Bila ditinjau dari sudut pandang hukum,maka Undang-undang No.4 tahun 2009  tentang Pertambangan Mineral & Batu Bara terutama pasal 161 dan seterusnya yang menjadi landasan pijak dari pemangku Undang-undang No.2 tahun 2002 untuk melakukan penangkapan,penahanan dan lain sebagainya terhadap sejumlah warga yang di sangka telah melakukan penampungan,pemanfaatan,melakukan pengolahan dan pemurnian,pengakutan bahan mineral dan batu bara yang bukan dari pemegang ijin IUP,IUPK atau ijin dari pemerintah setempat.
                Bila mengacu kepada press release yang telah dikeluarkan oleh Kapolres Sumbawa,AKBP.Kurnianto Purwoko,SH dan dibagikan kepada sejumlah wartawan akhir tahun 2010 di Rupatama Polres setempat, antara lain disebutkan bahwa ada 63 kasus illegal mining dan telah melibatkan 79 tersangka yang sudah diproses di jajarannya.
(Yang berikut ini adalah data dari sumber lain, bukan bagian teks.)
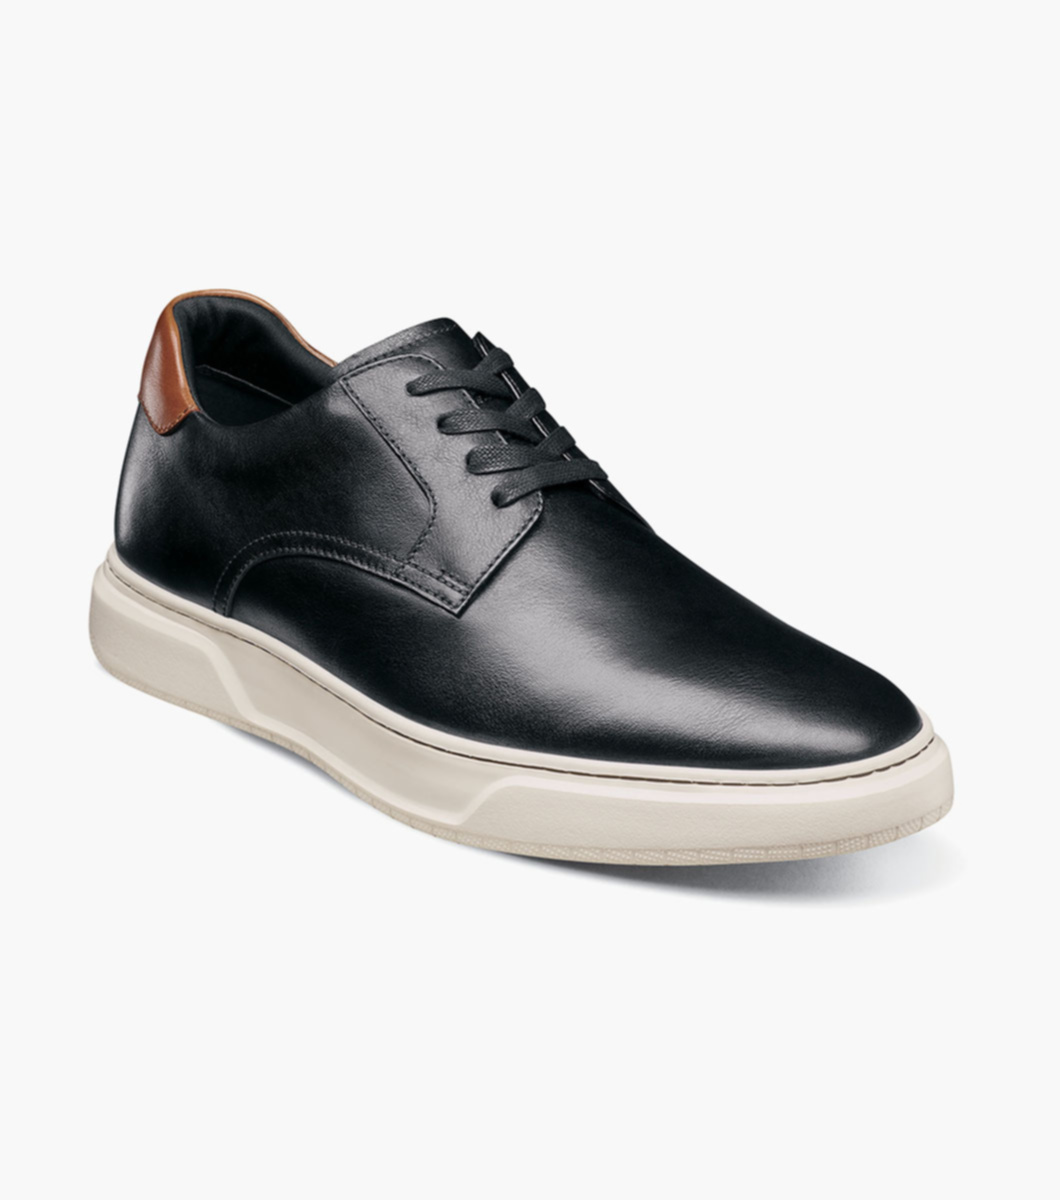 Men's Casual Shoes: Sneakers, Boots and more - Replay Official Store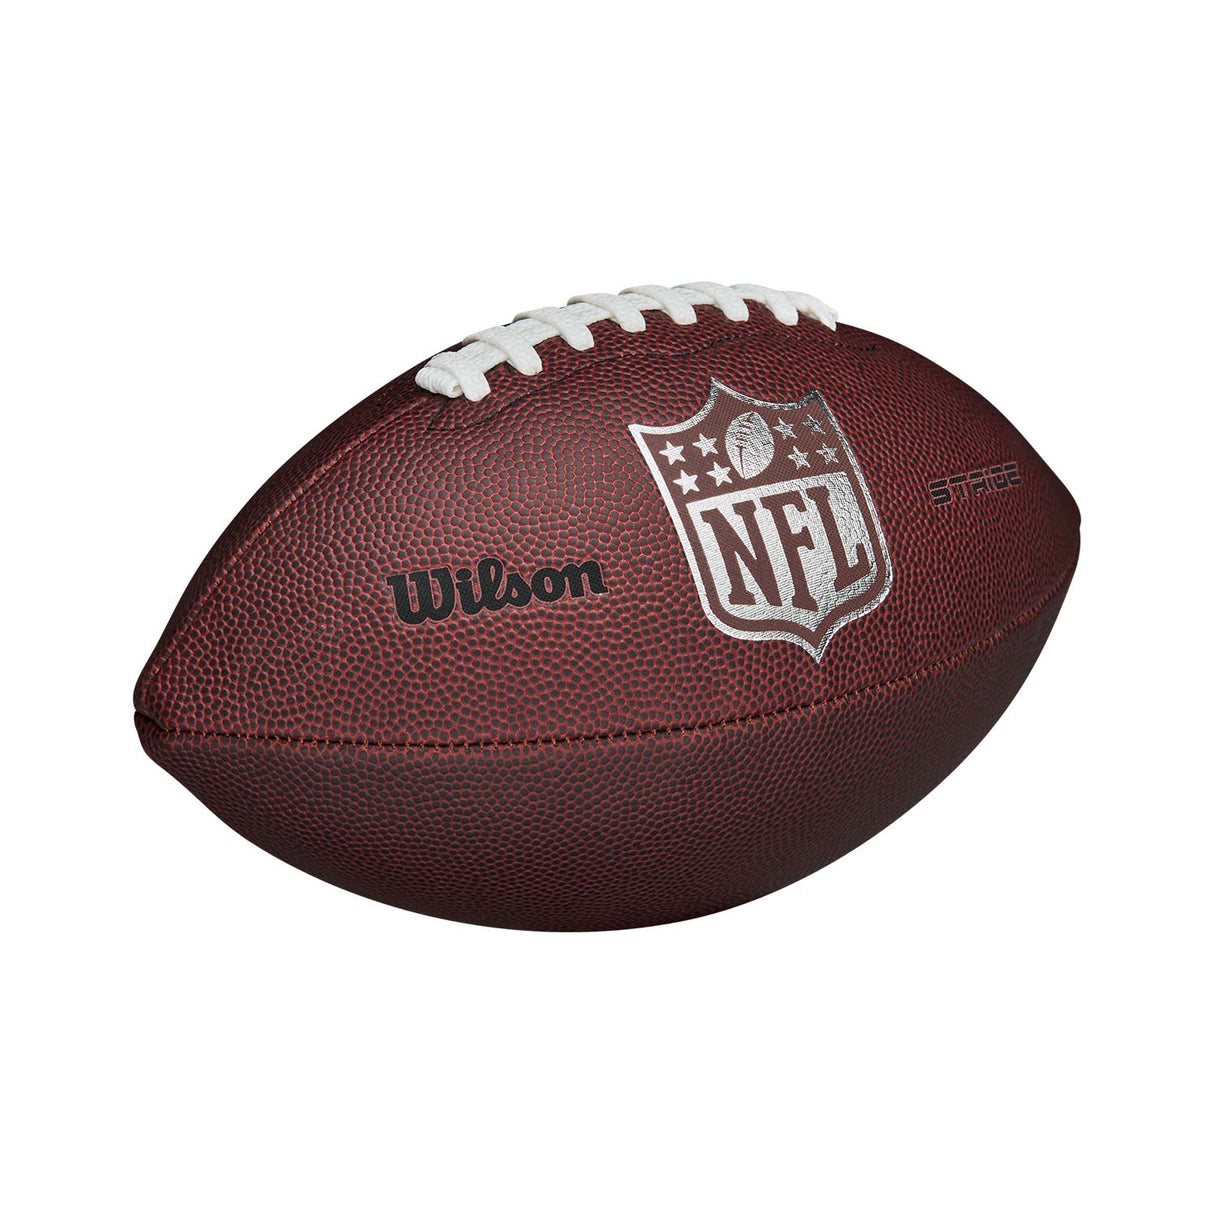 American Football - NFL Stride Official Size - Met NFL pro lacing

Sejumlah 14 berkas yang sudah dinyatakan P.21 dan telah dilimpahkan ke Kejaksaan Negeri Sumbawa. Namun Kejari Sumbawa,Dwi Harto,SH.MH seperti dilansir HU.Tribun,Sabtu (15/1) mengaku belum terima  berkas yang dikirim oleh Kapolres Sumbawa.Lalu berkas tersebut nyangkut dimana Bang One?
                Sementara sejumlah warga yang saat ini terlihat masih sangat sibuk beraktivitas di kawasan harta karun itu sepertinya masih butuh waktu untuk diperiksa seperti warga lain yang sudah mendekam di kompleks Mapolres Sumbawa? Yang pasti “keadilan”,itu ada dimana-mana.Hanya terbentur masalah waktu saja.
                Lembaga Legislatif dan Eksekutif sudah mulai angkat bicara,namun masih menyayikan lagu yang tidak seirama,sehingga banyak warga yang semakin bingung,lantaran ada yang berkeinginan agar Bukit La Baong bisa dijadikan lokasi tambang rakyat dengan beragam alasannya.Sementara ada juga yang menolak dengan mengacu kepada Undang-undang No.4 tahun 2009 dengan segudang argument yang menyertainya. Bahkan Komisi I DPRD Sumbawa berniat akan melakukan Yudicial Review ke Mahkamah Konstitusi,karena Undang-undang tersebut dinilai tidak berpihak pada rakyat khususnya dalam pengeluaran IPR (Ijin Pertambangan Rakyat),bukan Ijin Pemiskinan Rakyat..
                Jika sekiranya kita semua mau berterus terang,bahwa sebenarnya masyarakat tidak perlu terlalu terburu-buru didudukkan sebagai “tersangka” karena dianggap telah melakukan pen”jarah”an apa yang ada dan tersimpan di Bukit La Baong,tetapi mari kita periksa apa yang selama ini terpatri dipundak semua pihak,baik yang ada di lembaga formal maupun non formal yang telah terjun ke lokasi memberikan pemahaman kepada masyarakat (penambang)terkait dengan Undang-undang No.4 tahun 2009. Mereka yang telah terlibat dan melibatkan diri mangais rezki demi memenuhi tuntutan perut diri, isteri dan anak-anaknya,sehingga mereka giat mengambil emas di negeri sendiri. Bukan di tanah Amerika dan lainnya.
                Data yang berhasil dihimpun penulis menyebutkan bahwa tidak cuma masyarakat awam saja yang melakukan aktivitas di bukit La Baong, konon oknum aparat juga ikut ambil bagian menyemarakkan suasana,terutama dalam kepemilikan mesin gelondong yang telah beroperasi di sejumlah kecamatan dalam wilayah Pemkab Sumbawa. Seharusnya oknum aparat sesuai tupoksinya menjadi pengawal terdepan untuk mengamankan segala peraturan perundang-undangan yang ada. Akan tetapi yang terpantau selama ini,baik yang dilansir di sejumlah media maupun hasil investigasi lapangan ternyata ada beberapa lokasi penempatan mesin gelondong milik oknum aparat. Jadi,sangat wajar kalau masyarakat awam hukum berbondong-bondong mengais rezki di perut ibu pertiwi.Sehingga dengan demikian sikap yang telah ditunjukkan oleh para penguasa di negeri”Mampis Rungan”ini,sepertinya masih perlu direvisi agar tidak menjadi re”ingkar”nasi.
                Kemudian kepada segenap warga khususnya yang telah berada dan mengambil batu mineral di bukit La Baong sebaiknya segera menghadap ke tuan guru (birokrasi) untuk memperoleh ilmu terkait dengan apa yang telah menjadi niat baik semua warga. Sehingga tidak ada pihak yang merasa dirugikan oleh harta karun yang kini berada diantara “Kesejahteraan & Kesengsaraan Warga”.